Dünyanın neresinde bir şey olsa Türk lirası değer kaybediyor. Hem de olanın Türkiye açısından menfiliği yahut müsbetliği de bir ehemmiyete sahip değil, TL her ne olursa olsun değer kaybetme “kabiliyetine” sahip bir para birimi olarak karşımızda duruyor. 10 Mart Perşembe günü de TL değer kaybını sürdürdü ve 1 Amerikan doları 15 liraya dayandı. Euro 16.40’a yükselirken gram altın ise yeniden 950 TL’nin üzerine çıktı.

Rusya’nın Ukrayna’ya yönelik işgali sürer ve Batı’dan Rusya’ya yönelik olarak her gün yeni iktisadî yaptırımlar açıklanırken TL Ruble karşısında da değer kaybetti. Hafta başında (7 Mart Pazartesi) 0,09 seviyesinde olan ruble TL karşısında yüzde 30 değer kazanarak 0,12 seviyesine yükseldi.

Hatta Rusya tarafından işgâl edilen Ukrayna Grivnası bile TL karşısında değerlendi. 28 Şubat Pazartesi günü 0,46 seviyesinden işlem gören, 7 Mart Pazartesi günü ise haftaya 0,48 seviyesinden başlayan Grivna/TL kuru bugün 0,51 seviyesinden işlem görüyor.
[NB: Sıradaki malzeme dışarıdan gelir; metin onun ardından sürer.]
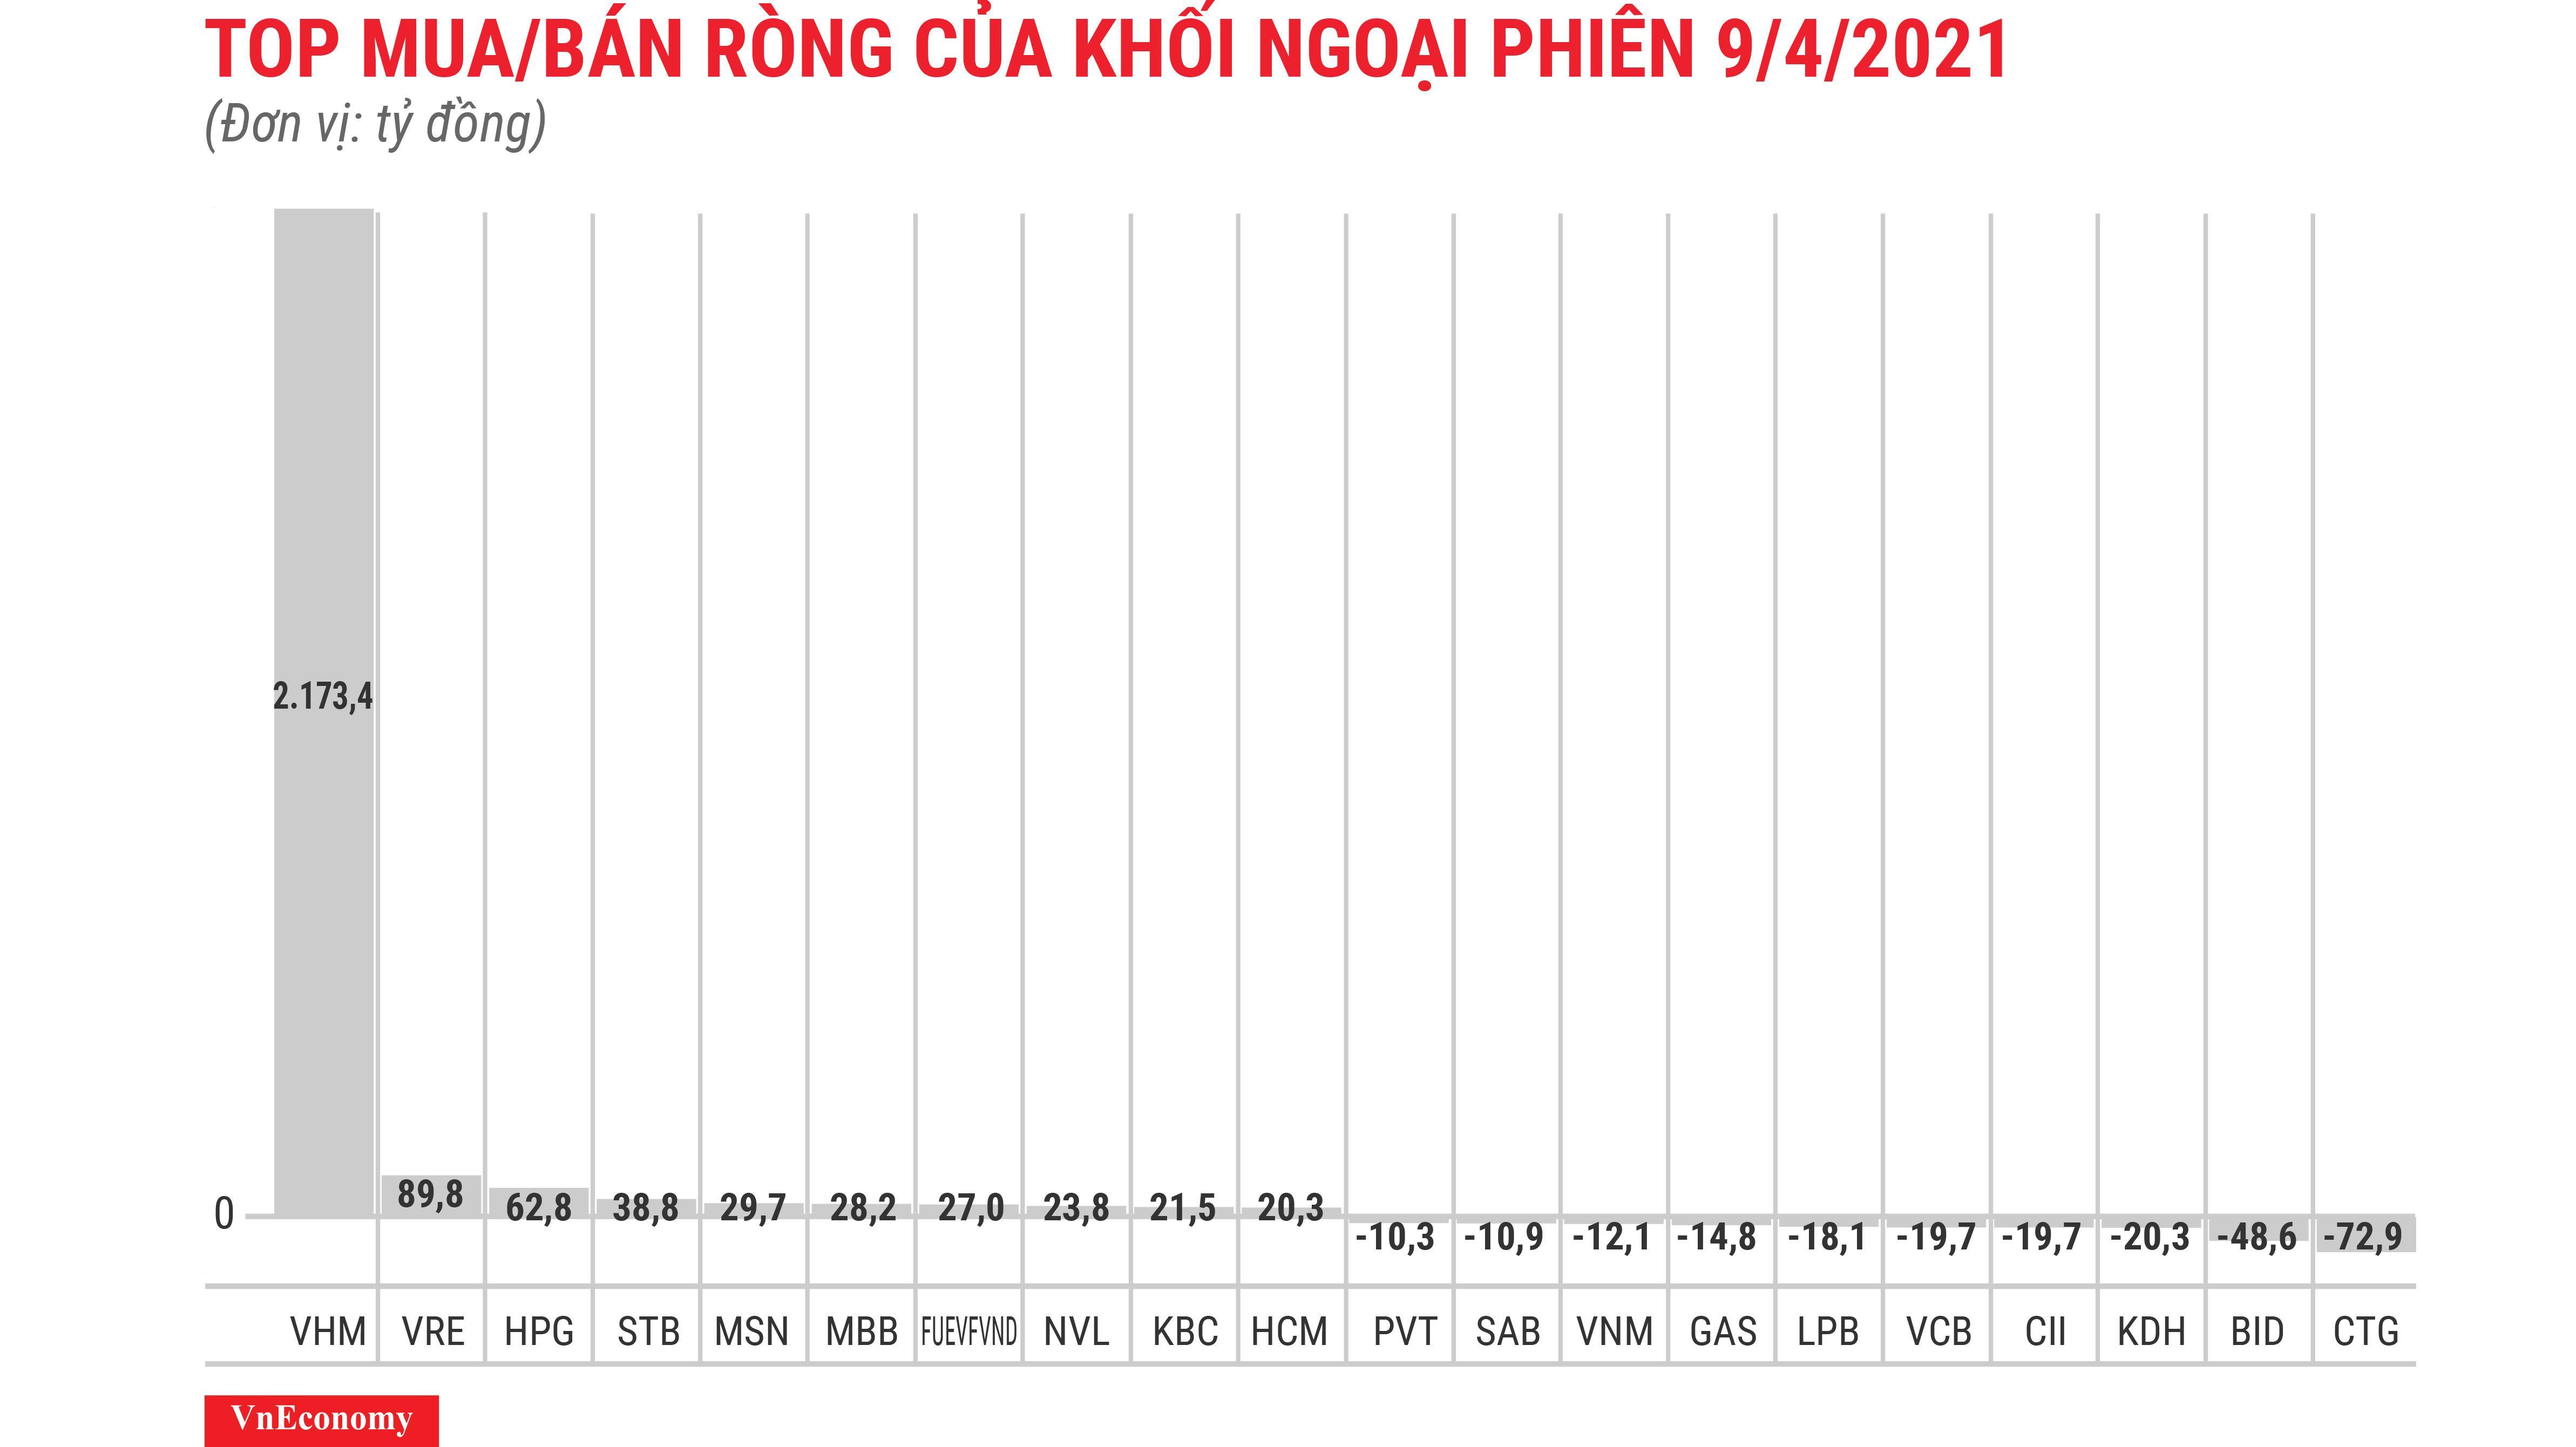 Khối ngoại giao dịch đột biến, gom ròng 2.173 tỷ đồng VHM Ảnh 1
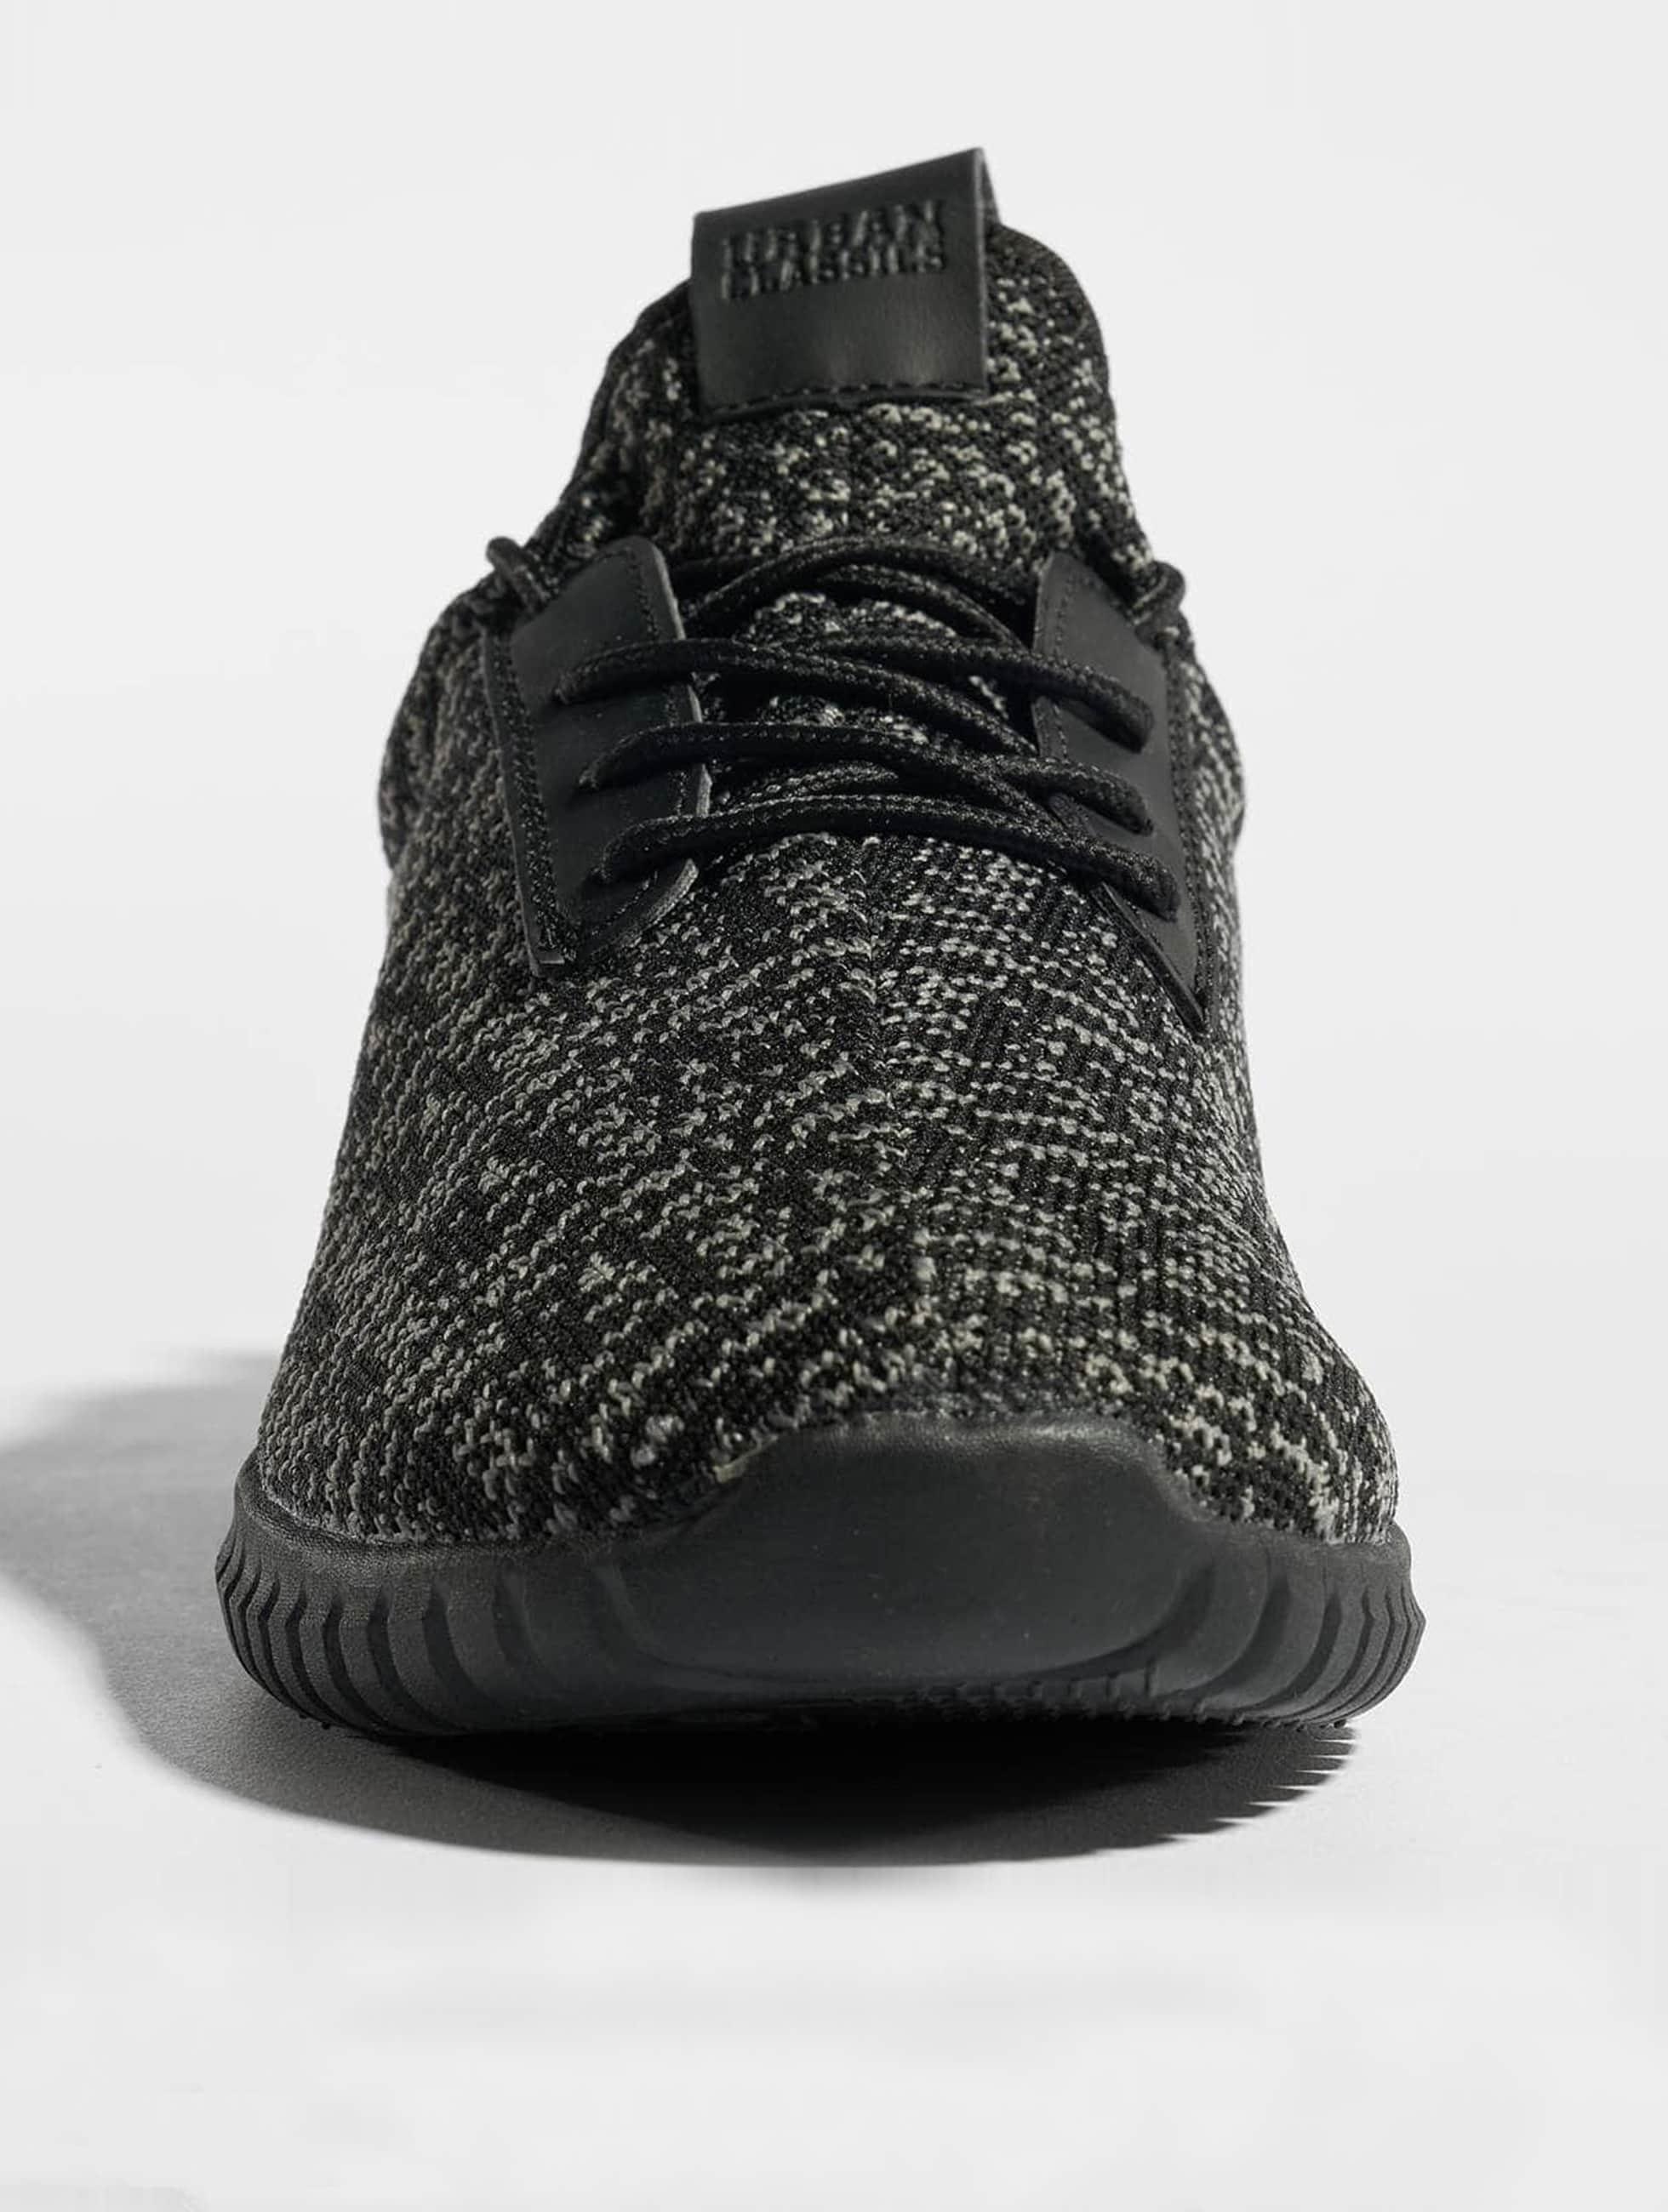 Knitted Urban Schuhe Light Sneaker Classics Herren zqYAq7Z

Cesur adımlar atmadan sadece sistem içerisinde pansuman mahiyetinde alınan hiçbir tedbir TL’nin kan kaybının önüne geçemiyor, bilakis gelecekte oluşması muhtemel bir yük -dövize endeksli mevduat gibi- anlamına da geliyor.

Her zaman olduğu gibi müteaddit kere ihtar etmemize rağmen asıl yapılması gereken kulak ardı edilip çare olmayacak yollar denendiğine ve başarısızlığı anlaşıldığına göre bu kafadan sıyrılıp, Türk Lirasını hakiki bir değere çıpalamanın ve altına endeksli Türk Lirasına geçmenin, Türkiye ekonomisini ayakta tutmak ve bağımsız kılmak için artık stratejik bir zaruret olduğunun farkına varmanın vakti gelmedi mi?